= MacNolia Cox =

U.S. National Spelling Bee finalist in 1936

MacNolia Cox (January 12, 1923 - September 12, 1976) was an American woman who, aged 13 in 1936, was one of the first African-American finalists, and the first African-American top five finisher, in the Scripps National Spelling Bee. Her achievement was later celebrated in a verse novel, M-A-C-N-O-L-I-A (2005), in a nonfiction children's picture book, How Do You Spell Unfair? (2023), and by a United States Senate resolution "Honoring the life, legacy, and achievements of MacNolia Cox" passed on September 15, 2021.

== Early life ==
MacNolia Cox was born in Akron, Ohio, on January 12, 1923. Her parents were John Thomas Cox and Alberta Key. John Cox was both a carpenter and a Works Progress Administration worker, and Alberta Key was a homemaker. MacNolia Cox had one brother and three sisters. The family was poor.

Cox and her family were members of the Livingston Baptist Church. Cox lived in Akron, a town that was primarily focused in tire and rubber production with a lot of factories spread throughout the town employing thousands. Before Cox was born, the town was mostly run by members of the Ku Klux Klan with key figures such as the mayor, sheriff, county officials, and most of the school board all being members. This made Akron a heavily segregated town by the time Cox was born, making her life as a black girl harder.
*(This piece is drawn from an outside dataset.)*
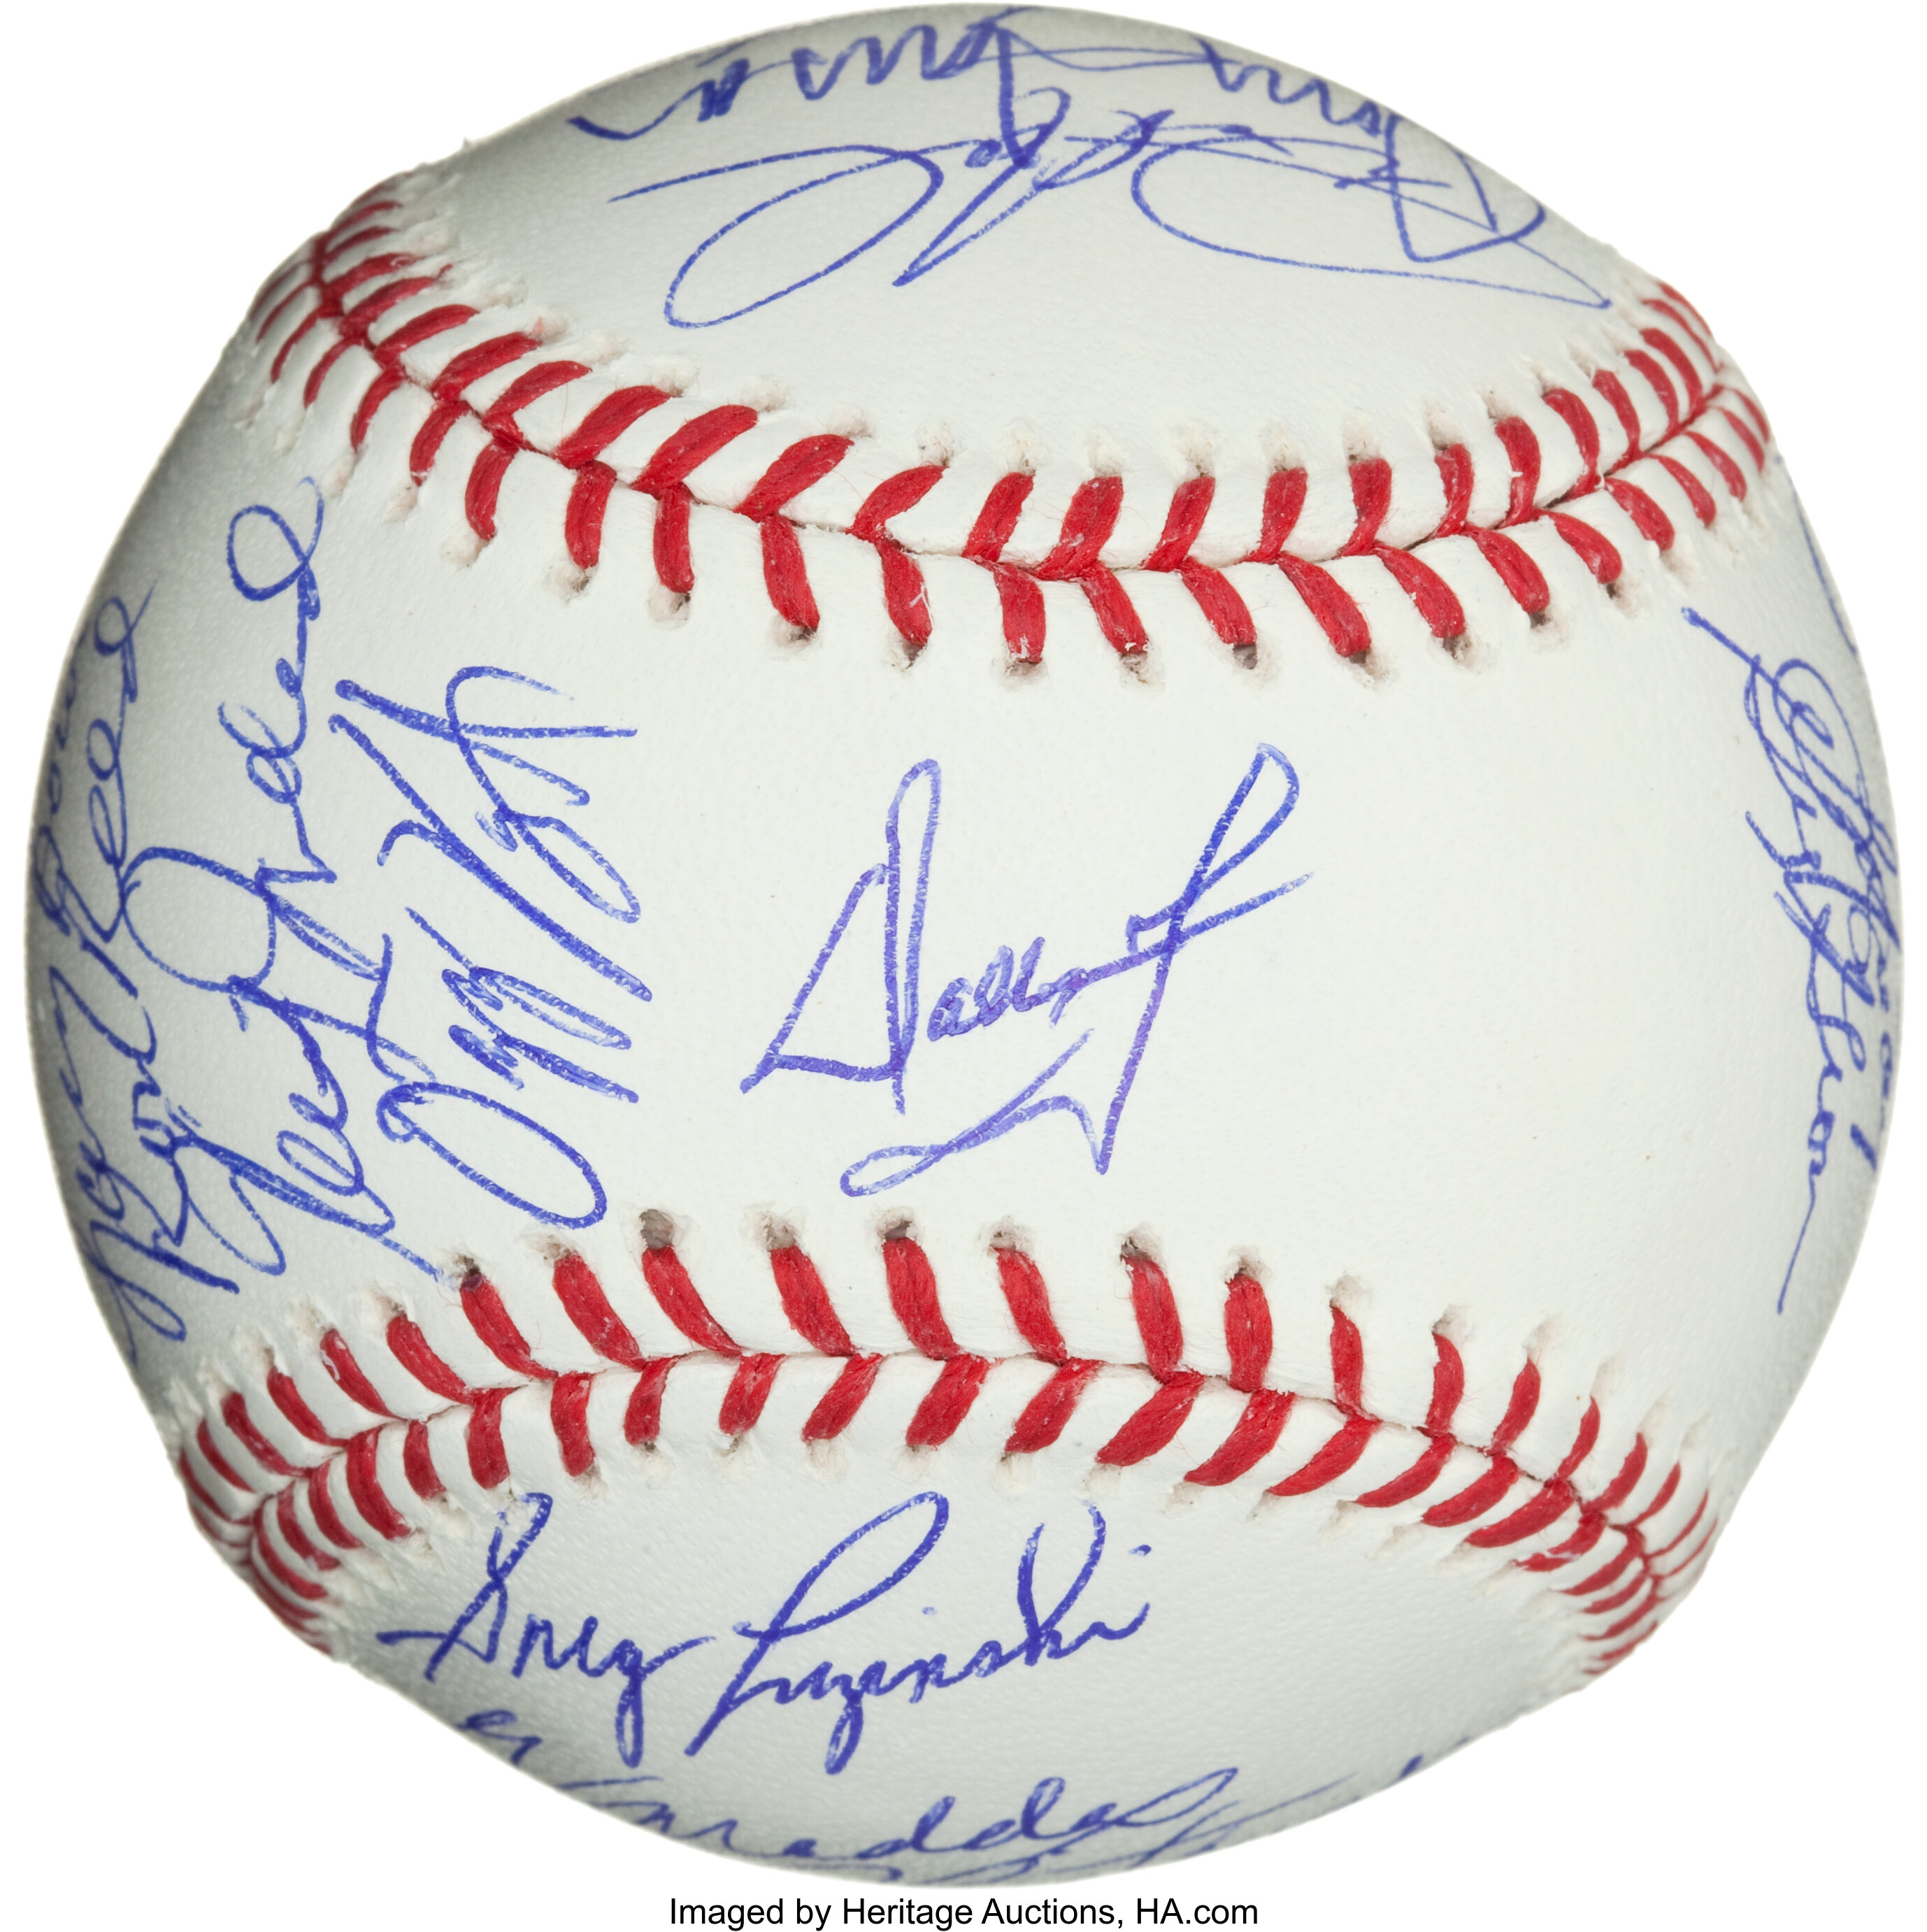 Greg Luzinski Phillies 1980 Wsc Signed Autographed M.l. Baseball Jsa  Wa301484

Cox loved to read at an early age, and spent hours reading and memorizing the words in the dictionary, giving her an extraordinary vocabulary for a girl of her age. After enrolling in school, she began to dream of becoming a doctor.

===Schooling===

Cox attended Colonial Academy in the Kenmore district of Akron, Ohio. The principal of the school was Blanche V. Boyd. Cox had one teacher who supported her more than any other, her homeroom teacher, Cornelia Greve. Greve kindled Cox's love for learning and, more importantly, her love for words.
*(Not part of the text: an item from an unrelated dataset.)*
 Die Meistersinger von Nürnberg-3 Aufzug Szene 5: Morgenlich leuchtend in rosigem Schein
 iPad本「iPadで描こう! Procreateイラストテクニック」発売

By 8th grade Cox's talent around words and definitions was very polished and her homeroom teacher Greve picked up on her abilities. Greve soon told Boyd of Cox’s special talent and the two created a plan to make Cox a spelling connoisseur. They let her study the dictionary for two periods every day allowing her to memorize over 100,000 words on the spelling bee list, making her an extremely well-prepared speller.

== 1936 Spelling Bee ==

=== Akron Spelling Bee ===
Cox’s journey to national recognition began at the Akron Spelling Bee. In April 1936, as an eighth grader from the Kenmore Colonial School, Cox competed against 50 of the best spellers in Akron in front of an audience of over 3,000 people in the event sponsored by the city newspaper, The Akron Beacon Journal. Cox impressed the audience with her abilities by spelling words such as pretentious, brusque, abstemious and apoplexy. Eventually, only one other student stood between Cox and the title, John Huddleston, 14, from St. Vincent school. The two battled back and forth until Huddleston misspelled the word sciatic and Cox got it right. After correctly spelling her final word, voluble, Cox became the first African-American to win the Akron Spelling Bee. The teen won a trip to Washington D.C. to represent Akron at the National Spelling Bee along with $25 for her accomplishment.

Her success was greatly celebrated within her community. The day following her victory her school was said to have been ‘bursting with pride’ as a demonstration was held in the lawn of the school accompanied by rousing cheers from her peers. She was later called on in an assembly to “tell how it felt to be a champion”, to which she simply replied “I’m glad I won, and I hope I win in Washington”. A check for $50 was also awarded to Cox by the Black Elks, a historically black non-profit organization. This was presented to her by James S. Russel in a public meeting at the Second Baptist church where she was the guest of honor. Former Judge W. C. Hudston had also come from Washington D.C to Akron to attend the meeting and congratulate Cox “We’re proud of you young lady” he said “And we’re pulling for you to win down in my city (Washington D.C)”.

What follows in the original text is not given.